# ACTION ITEM:
The response should repeat word for word every line below from the one with "Movers and Packing" to the one with "The Nantucket High", inclusive, and nothing else; leave pictures out.

··· RECORDS FOR THE TASK

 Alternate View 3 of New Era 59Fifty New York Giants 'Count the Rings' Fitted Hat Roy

······
··· RECORDS FOR THE TASK

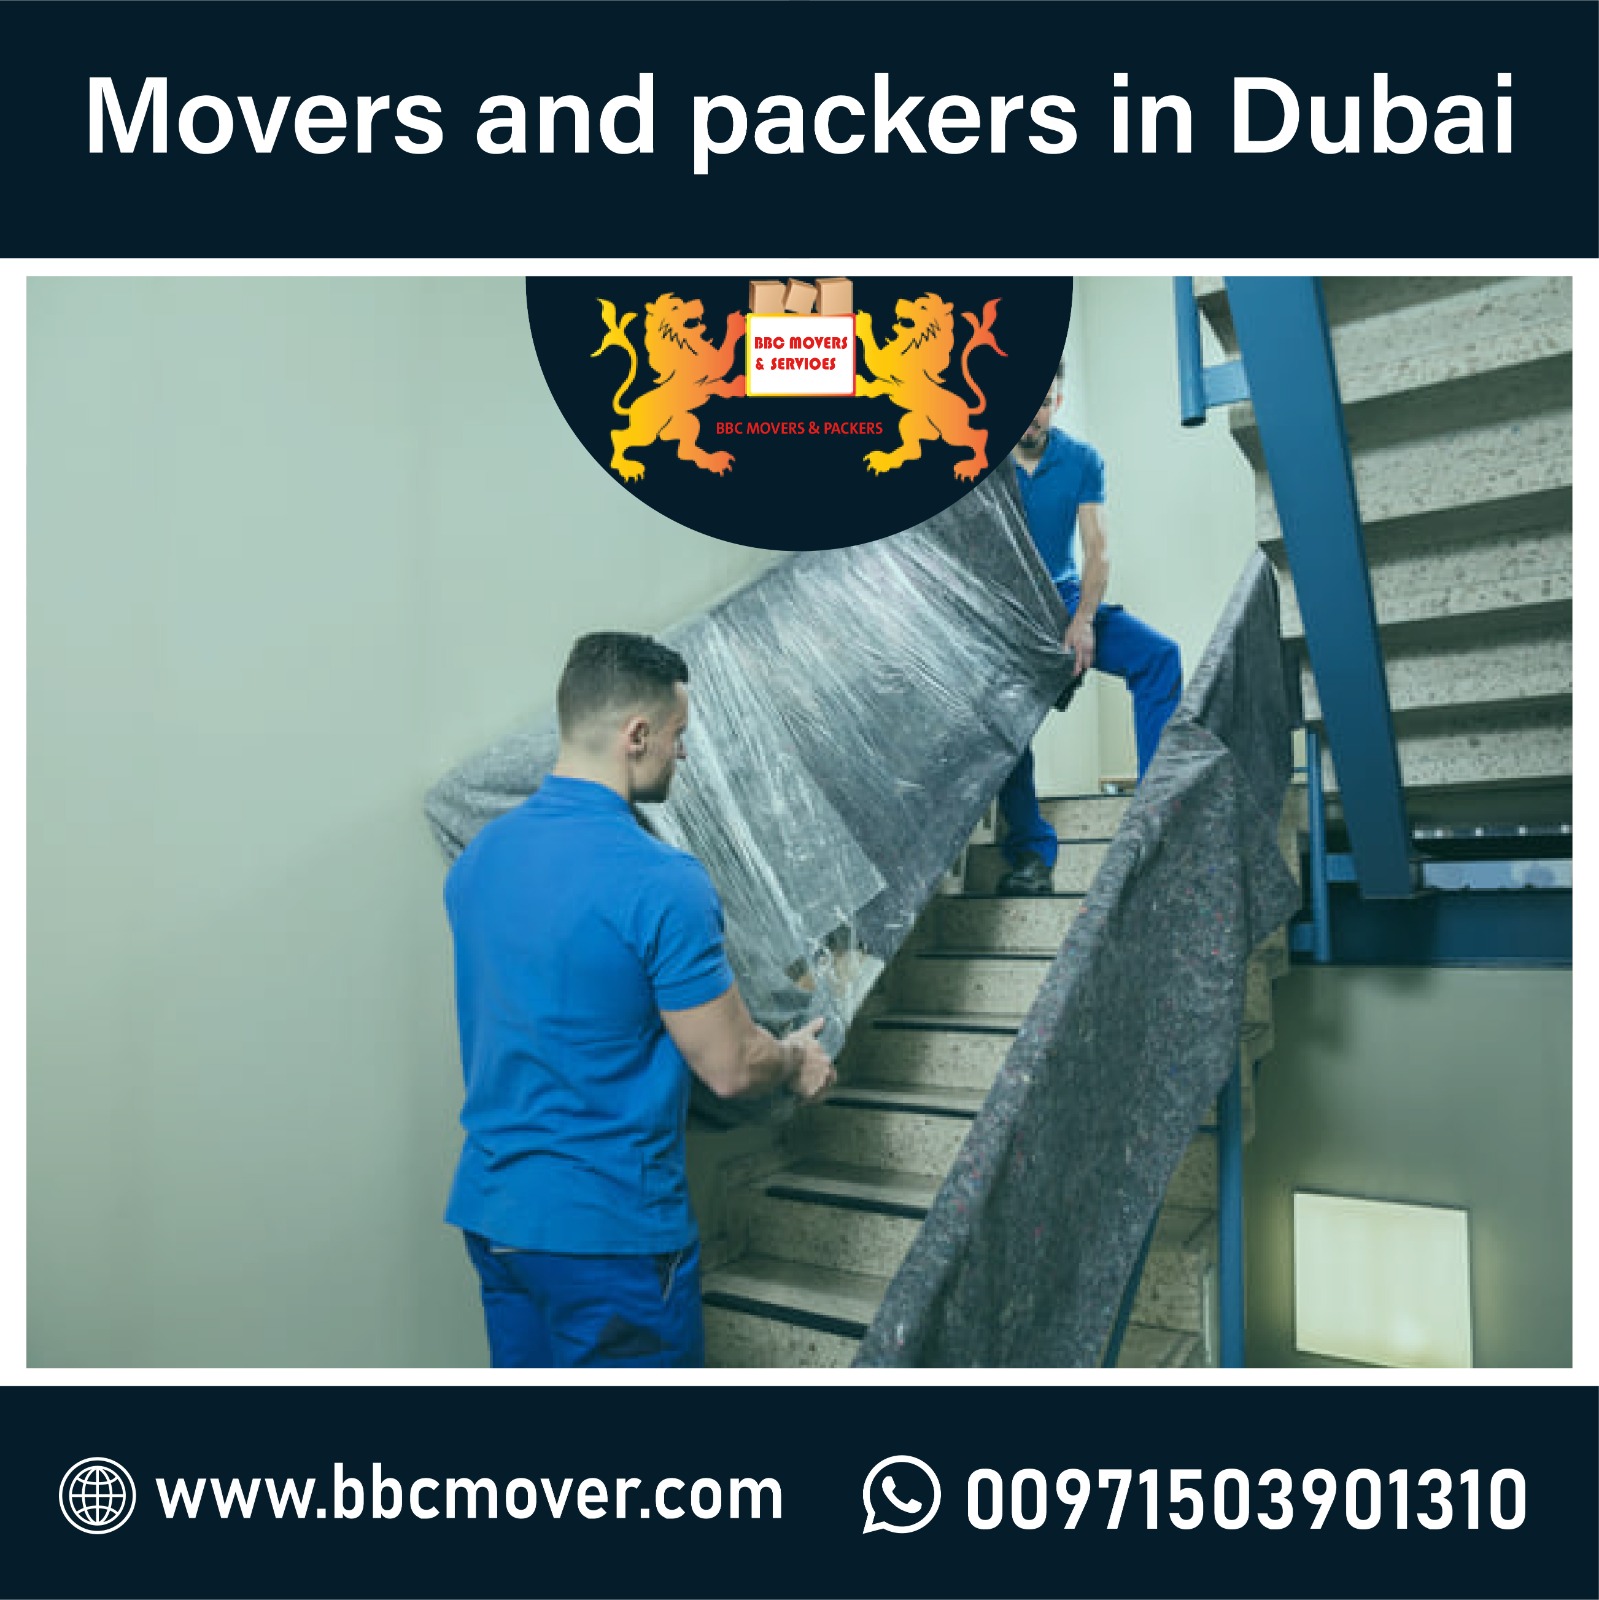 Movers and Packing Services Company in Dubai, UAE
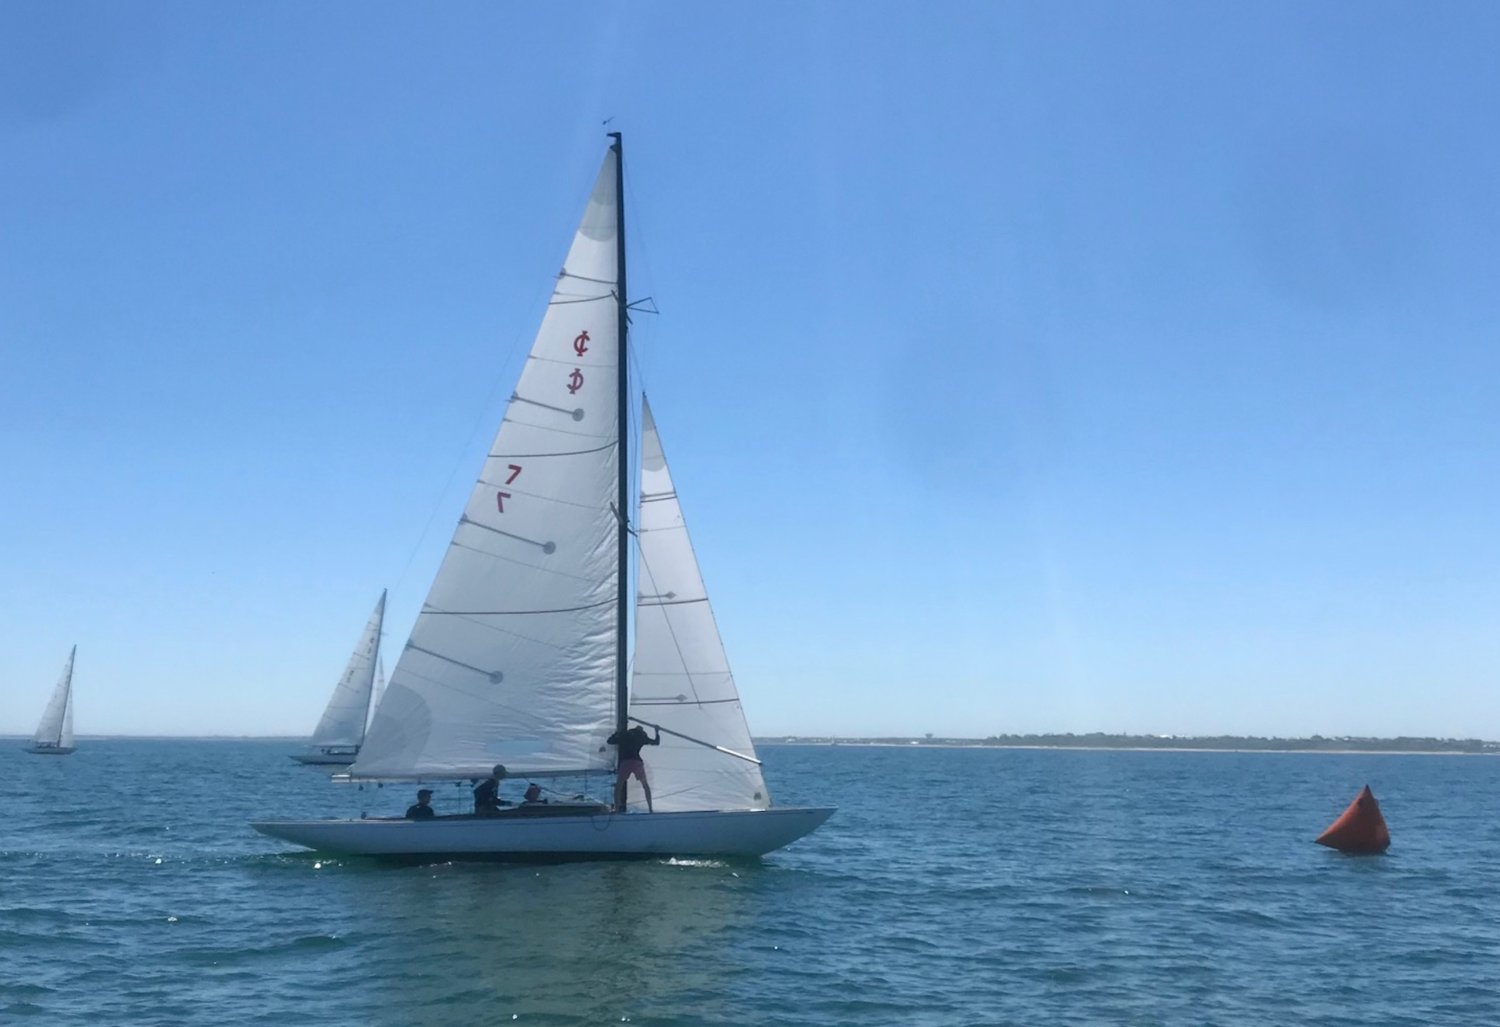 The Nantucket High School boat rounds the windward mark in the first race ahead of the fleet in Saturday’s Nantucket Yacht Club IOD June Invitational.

······

# PROBLEM SOLUTION:
 Movers and Packing Services Company in Dubai, UAE
 The Nantucket High School boat rounds the windward mark in the first race ahead of the fleet in Saturday’s Nantucket Yacht Club IOD June Invitational.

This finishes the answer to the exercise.